Until recently, MT vendors had little interest in standardization. Their systems each utilized unique methods of description for language phenomena. This information was carefully protected and treated as proprietary trade secrets. As natural language applications become more numerous and diverse, the need for standardization is becoming evident, both as a way to facilitate exchange among natural language applications and as part of the gradual mainstreaming of MT within the software world.

SYSTRAN is developing a filter that provides full support of XML exchange format. The task is not a simple one because it requires defactorization of graphed entries and explication of implicit transfer patterns. Preserving the organization of the information is one of the biggest challenges. Nevertheless, SYSTRAN needs to forge ahead with this effort to enable its resources to be exported and to permit importing of external resources, such as glossaries, into the system.

NLP Components

Although many of SYSTRAN's natural language processing components are shared by all of its language systems, their modularity allows the user to create a customized environment best suited to the translation need, audience, and text type. The components include the following:

  • Document filter for separating text and formatting codes
  • Encoding and character set converter for interpreting common character encoding formats
  • Language recognizer for identifying the source language of the text
  • Preprocessor for identifying document types, such as chat, email, or structured text
  • Spell checker to perform spelling correction for misspelled items (Misspellings would otherwise go unrecognized by the system, sometimes resulting in adverse impact to translation.)
  • Sentence segmenter for dividing the text into sentences
  • Word delimiter to identify word boundaries for languages where blank spaces are not inserted between words
  • Lemmatizer, a tool for identifying and creating the variant forms of a word (e.g., develop, developing, and developed)
  • Part-of-speech tagger for identifying the grammatical function of each word in the sentence (e.g., noun, verb, and adjective)
  • Text synthesizer for production of the correct word forms in the target language
  • Semantic domain recognizer to identify the subject area of the text so that appropriate knowledge bases can be employed

SYSTRAN's resources also include a tool set designed originally for quality assurance tasks. The tools are useful in the deployment process to assess quality levels and determine the characteristics of the source texts. The tool set includes a concordancer, terminology extractor, and tools for measuring the quality and consistency of translations and of custom resources, such as dictionaries.

Risks and Possibilities

To remain a leader, SYSTRAN will need to preserve both its strong output quality and high-speed performance after the redesign. Although this has always been true, it will be all the more critical now that SYSTRAN's marketing message is beginning to target higher-quality applications.

Early results suggest that the system operates more efficiently than before and it produces greater throughput without loss of output quality.

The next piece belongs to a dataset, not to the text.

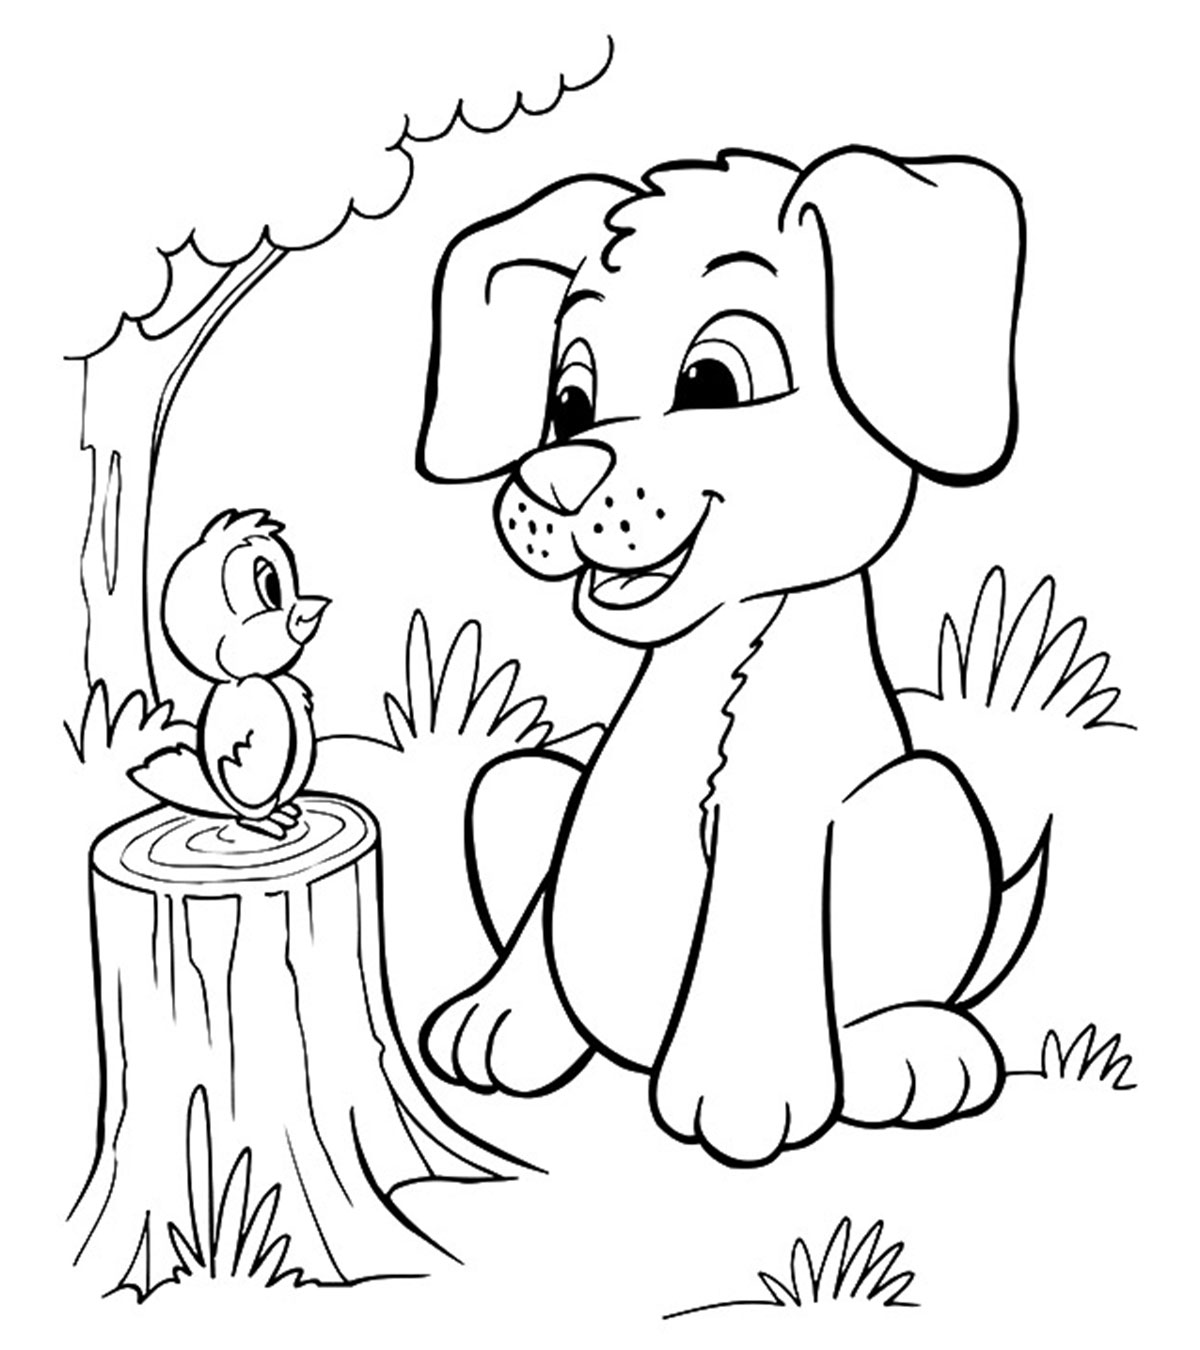 4400 Show Dogs Coloring Pages Pictures

Preserving these advantages is important because SYSTRAN is facing emerging competition. Example-based and hybrid systems are in the works at a number of universities in the United States, Europe, and Asia, including USC's Information Sciences Institute and New York University.

These systems can have shorter development times than traditional approaches to MT because translation rules are generated automatically based on analysis of bilingual corpora. Although their development timetables are shorter, they are by no means short, and building an example-based MT system has its own unique set of pitfalls, such as the difficulty of finding aligned bilingual corpora from which to draw the examples.

Creating a robust, high-performance, fault-tolerant translation system to compete with SYSTRAN also requires substantial engineering resources. So, while the development timetable for new systems is shorter, it is by no means a trivial task, and SYSTRAN's position as an entrenched leader will not be easy to upset.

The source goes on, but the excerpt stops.